For 67 years, he was Hampton Marshall Auld. But it wasn’t until that moment last summer that Auld realized he was a living monument to the confederacy.
He reflected on this moment in an opinion piece sent this week to The Capital and the Richmond Times-Dispatch in Virginia, where Auld worked as a library executive before he became the CEO of Anne Arundel County’s library system.
And he thought about it as he wrote a statement for the library on the killing of George Floyd and put together a list of books that tackle systemic racism.
His lifelong nickname is Skip but his namesake, Wade Hampton III, was a Confederate general. Auld shrugged that off when he learned about Hampton in college. He was the fourth generation of Hampton Aulds, so why question it?
“I just sort of ignored it for decades,” Auld said.
But on a drive home from work last July, the meaning of his name sunk in.
Auld popped in the audiobook CD of “Grant,” a biography of President Ulysses S. Grant, and was driving through Davidsonville as he listened to a section about Hampton.
He learned that before he fought for the Confederacy, Wade Hampton III was one of the largest slaveholders in the South. After the war, Hampton led a white supremacy group called the Red Shirts that killed black people to deter them from voting.
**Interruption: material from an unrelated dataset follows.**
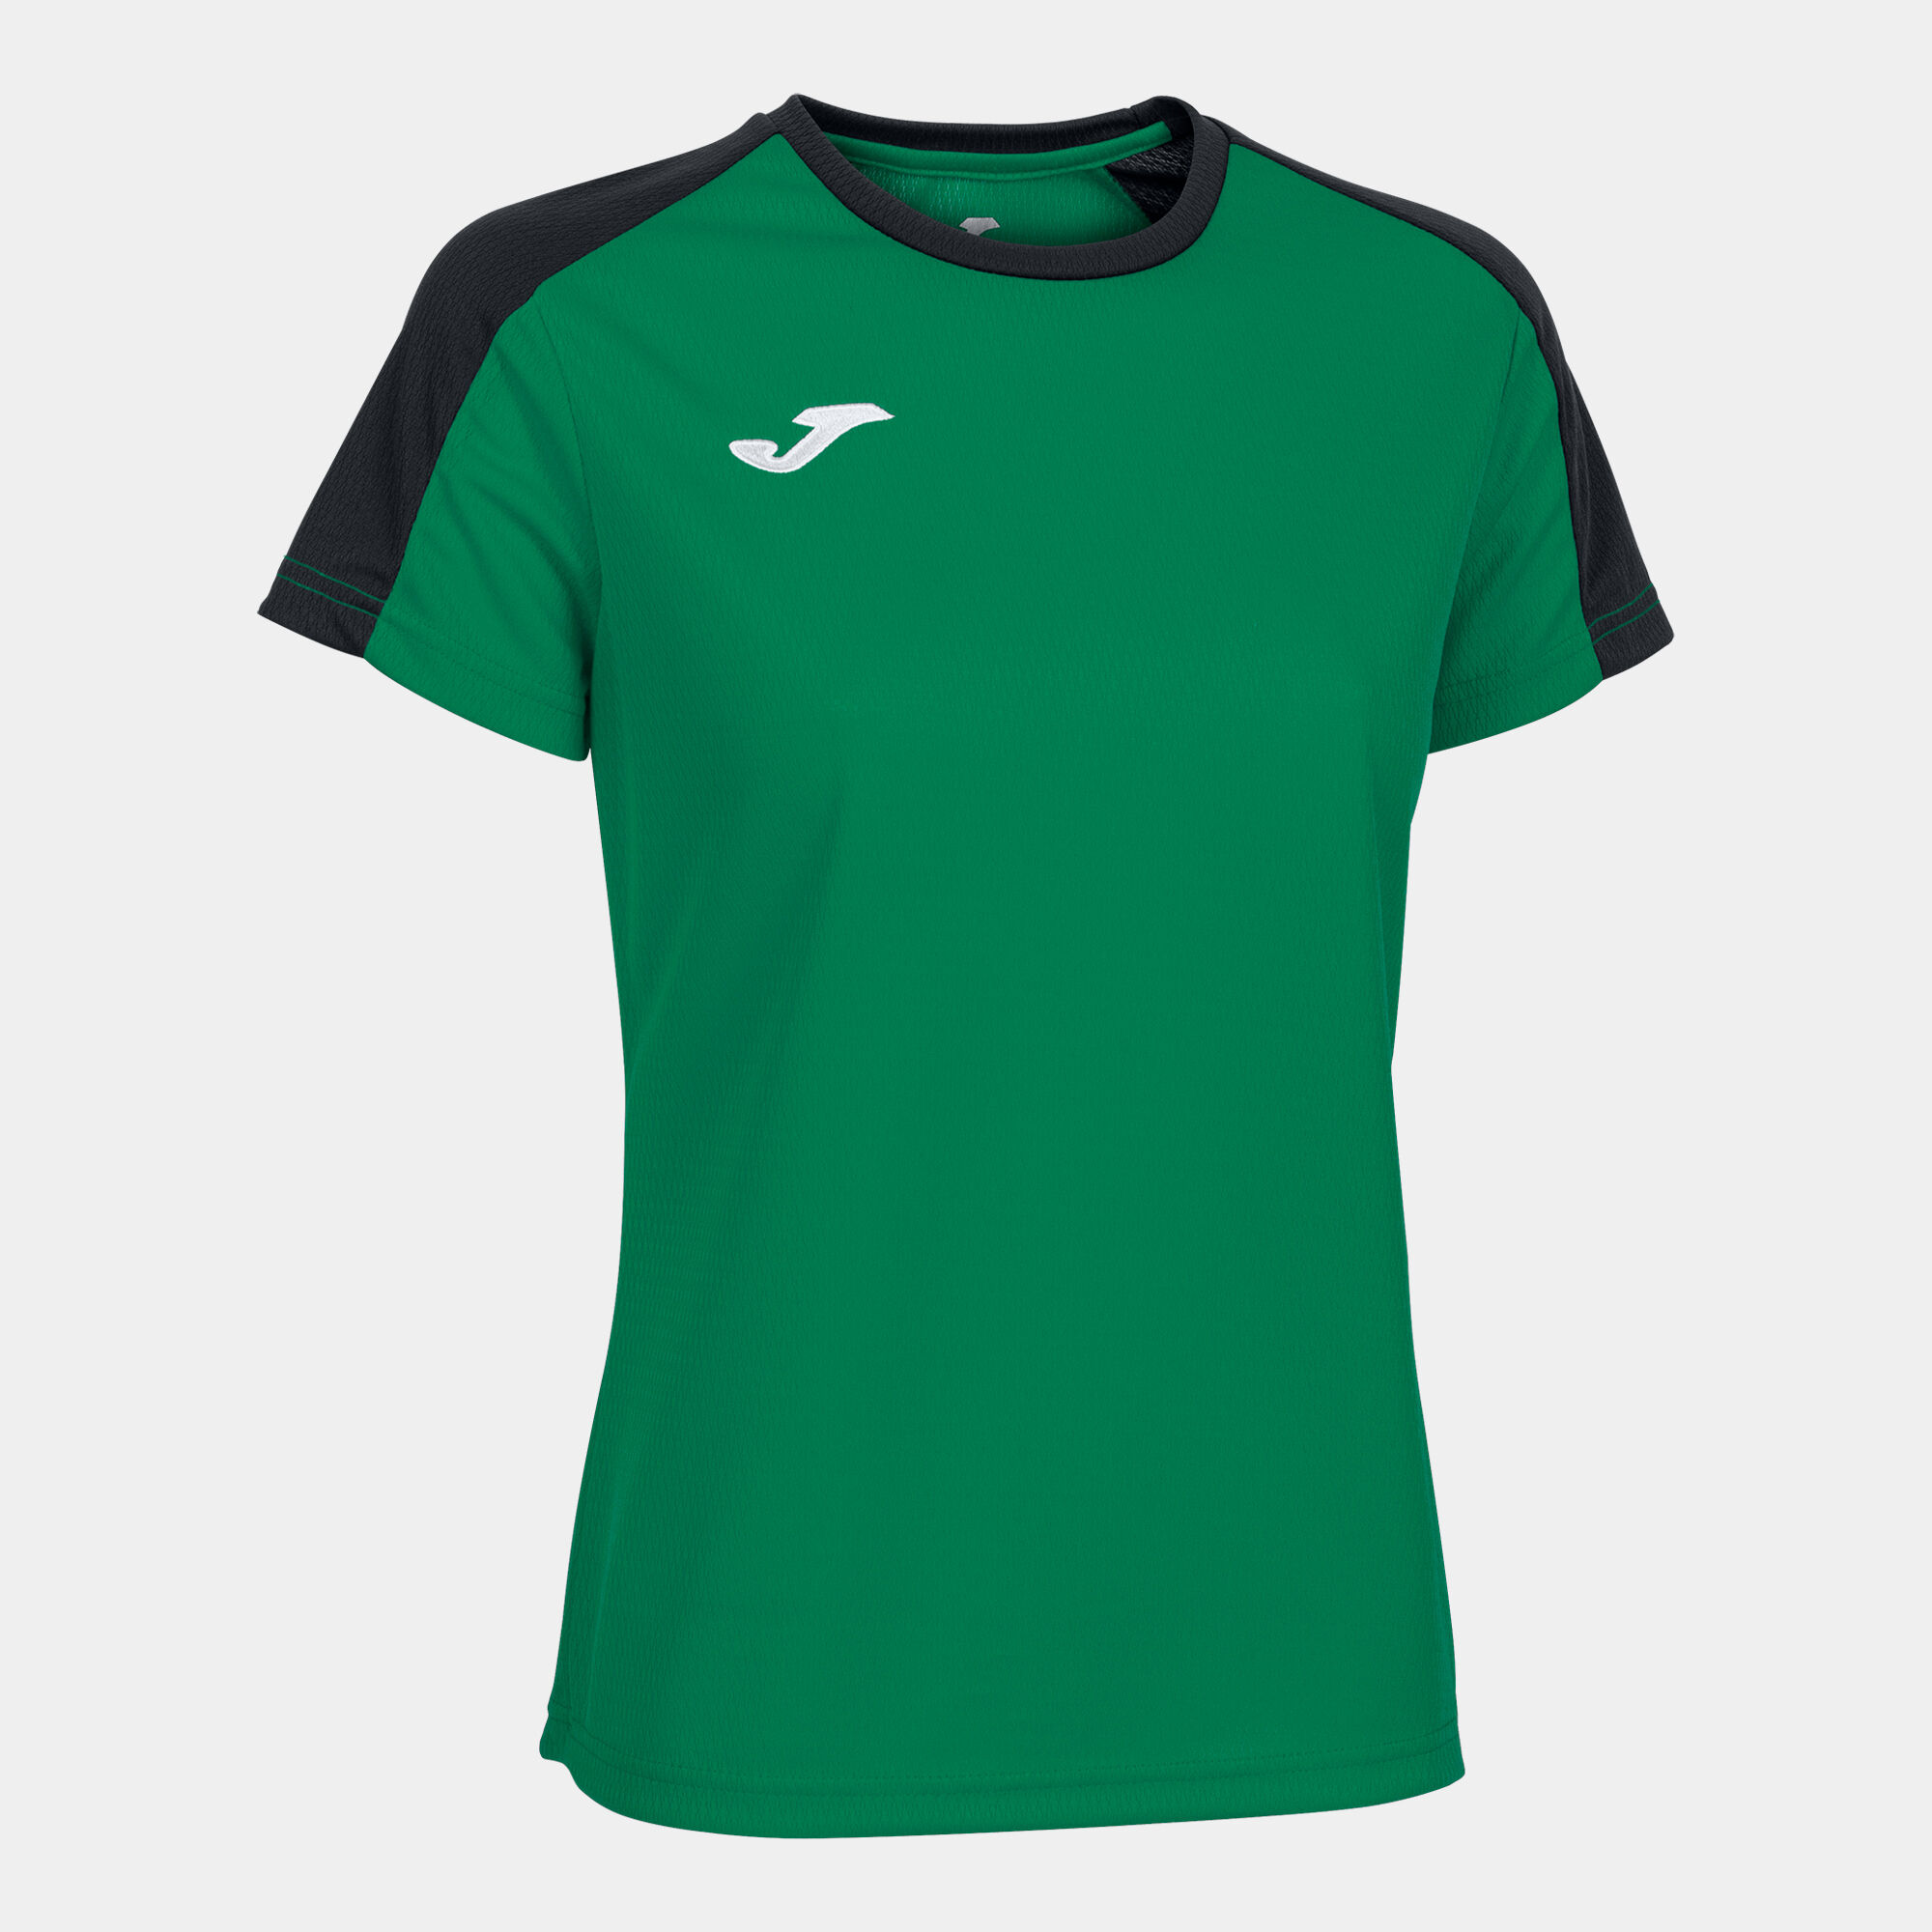 Camiseta manga corta mujer Eco Championship verde negro

The group later merged into the Ku Klux Klan.
“My eyes got wider and wider and I actually pulled over and went to the beginning of that track and listened a second time,” Auld said.
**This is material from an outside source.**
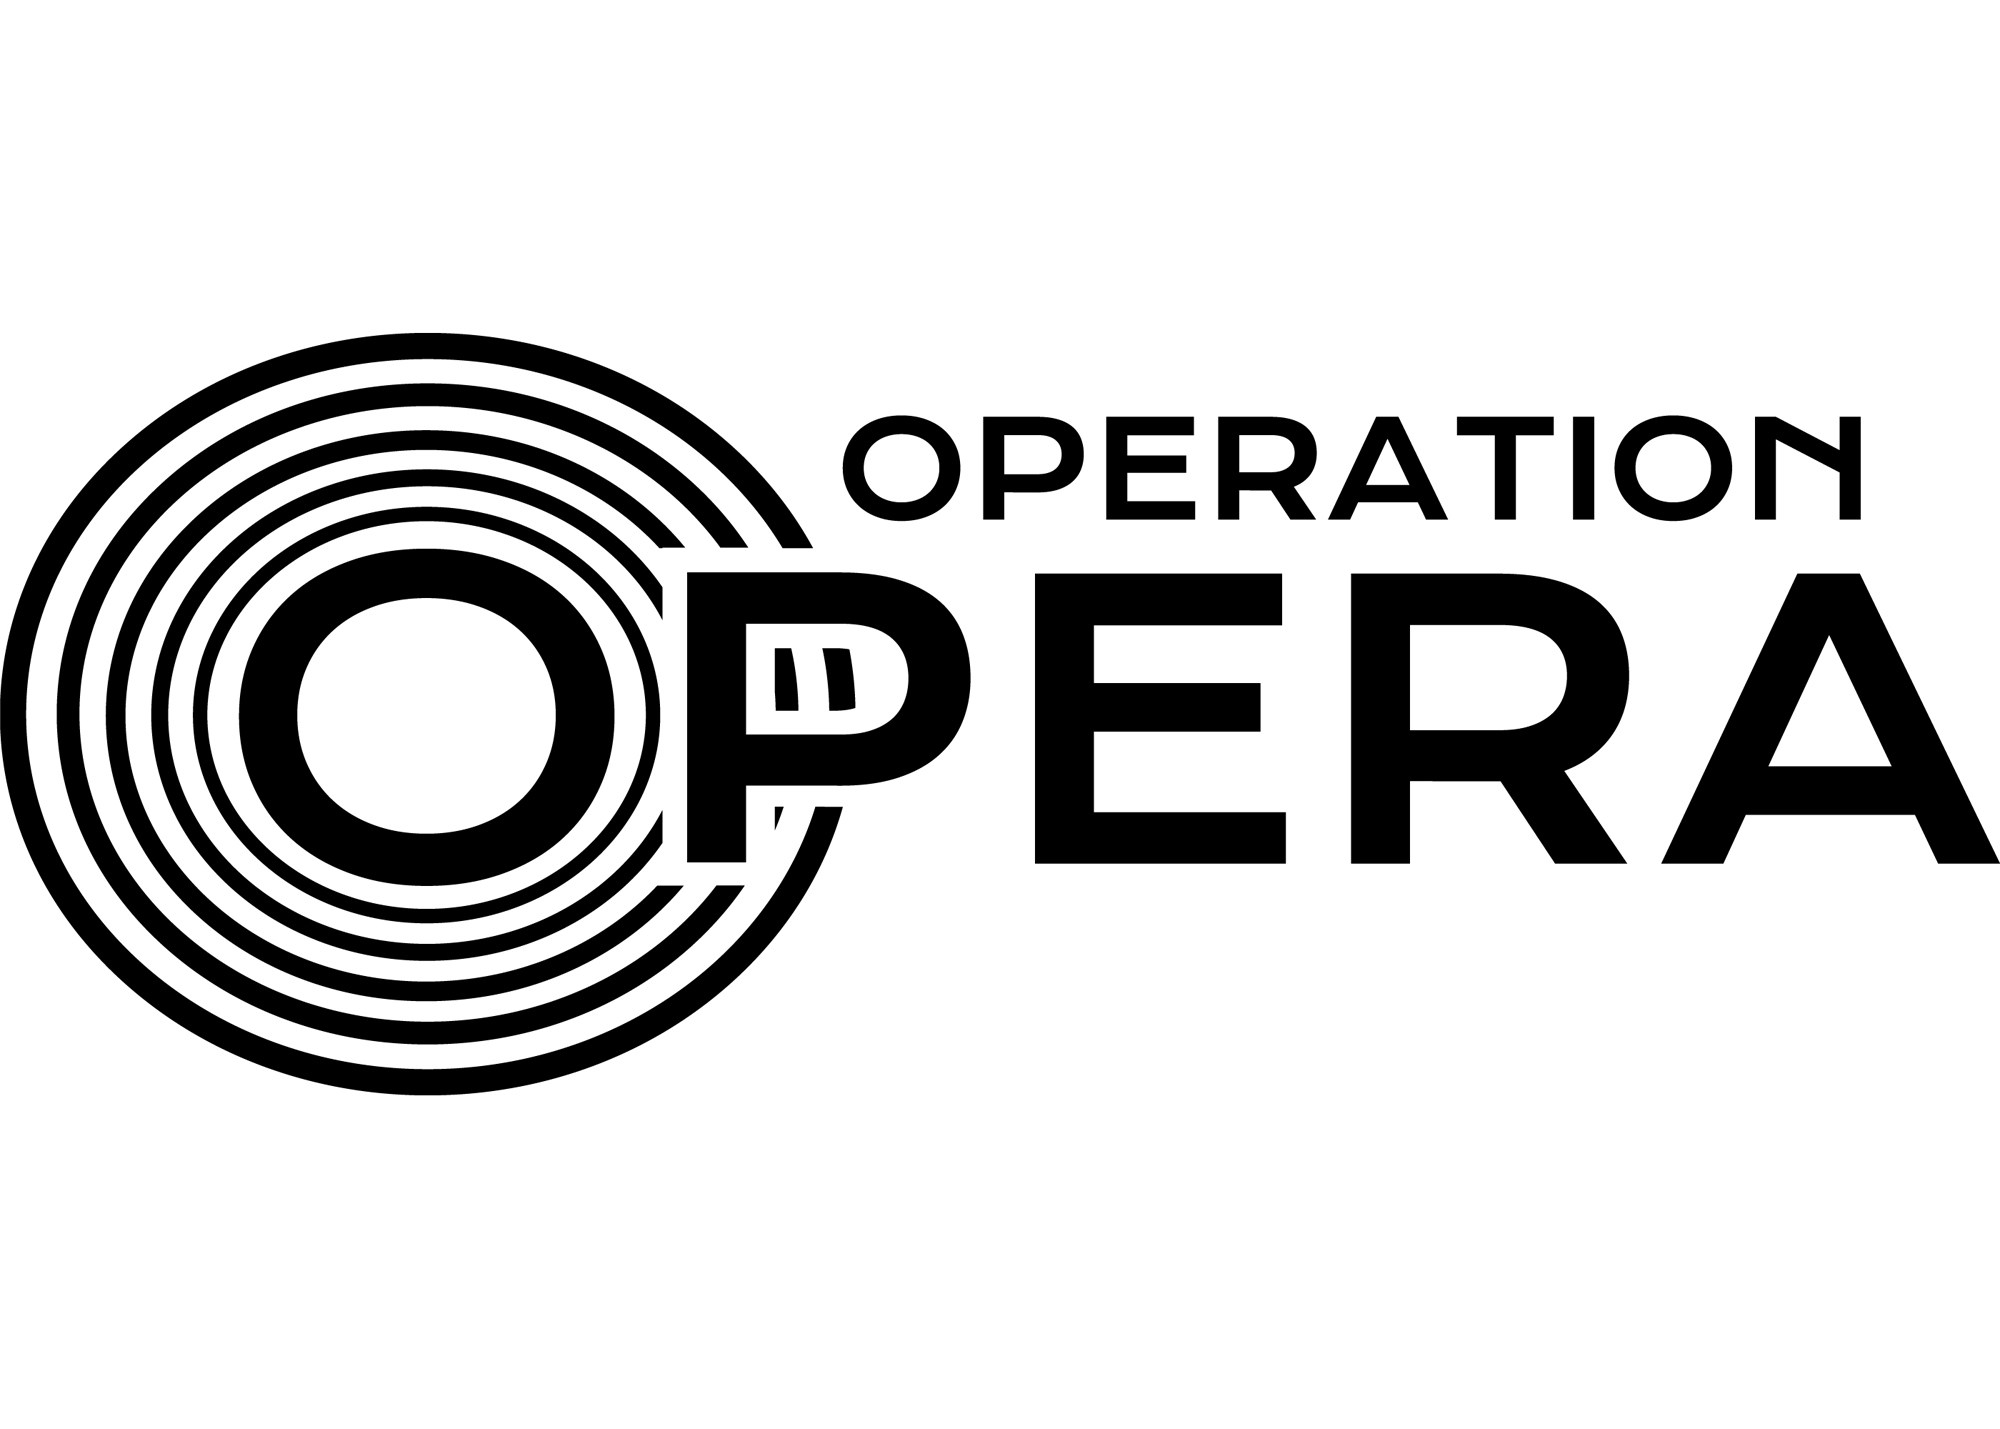 OPERATION OPERA

“I immediately thought ‘I’m changing my name. I don’t want anything to do with that person.’ … It just hit me in my gut that this was not something I wanted to be associated with in any way.”
The next day, Auld filed paperwork with the Anne Arundel County Clerk of Court.
“I didn’t like the idea that I was named for a terrorist,” Auld said. He listed that as the reason for his name change.
To honor his family, he chose the first name Charles, his father’s middle name, and made his middle name Marshall, his mother’s maiden name. But he’ll still go by Skip.
“I just wanted to tear down the highly personal monument to the Confederacy in my own family history,” Auld wrote in his op-ed to The Capital.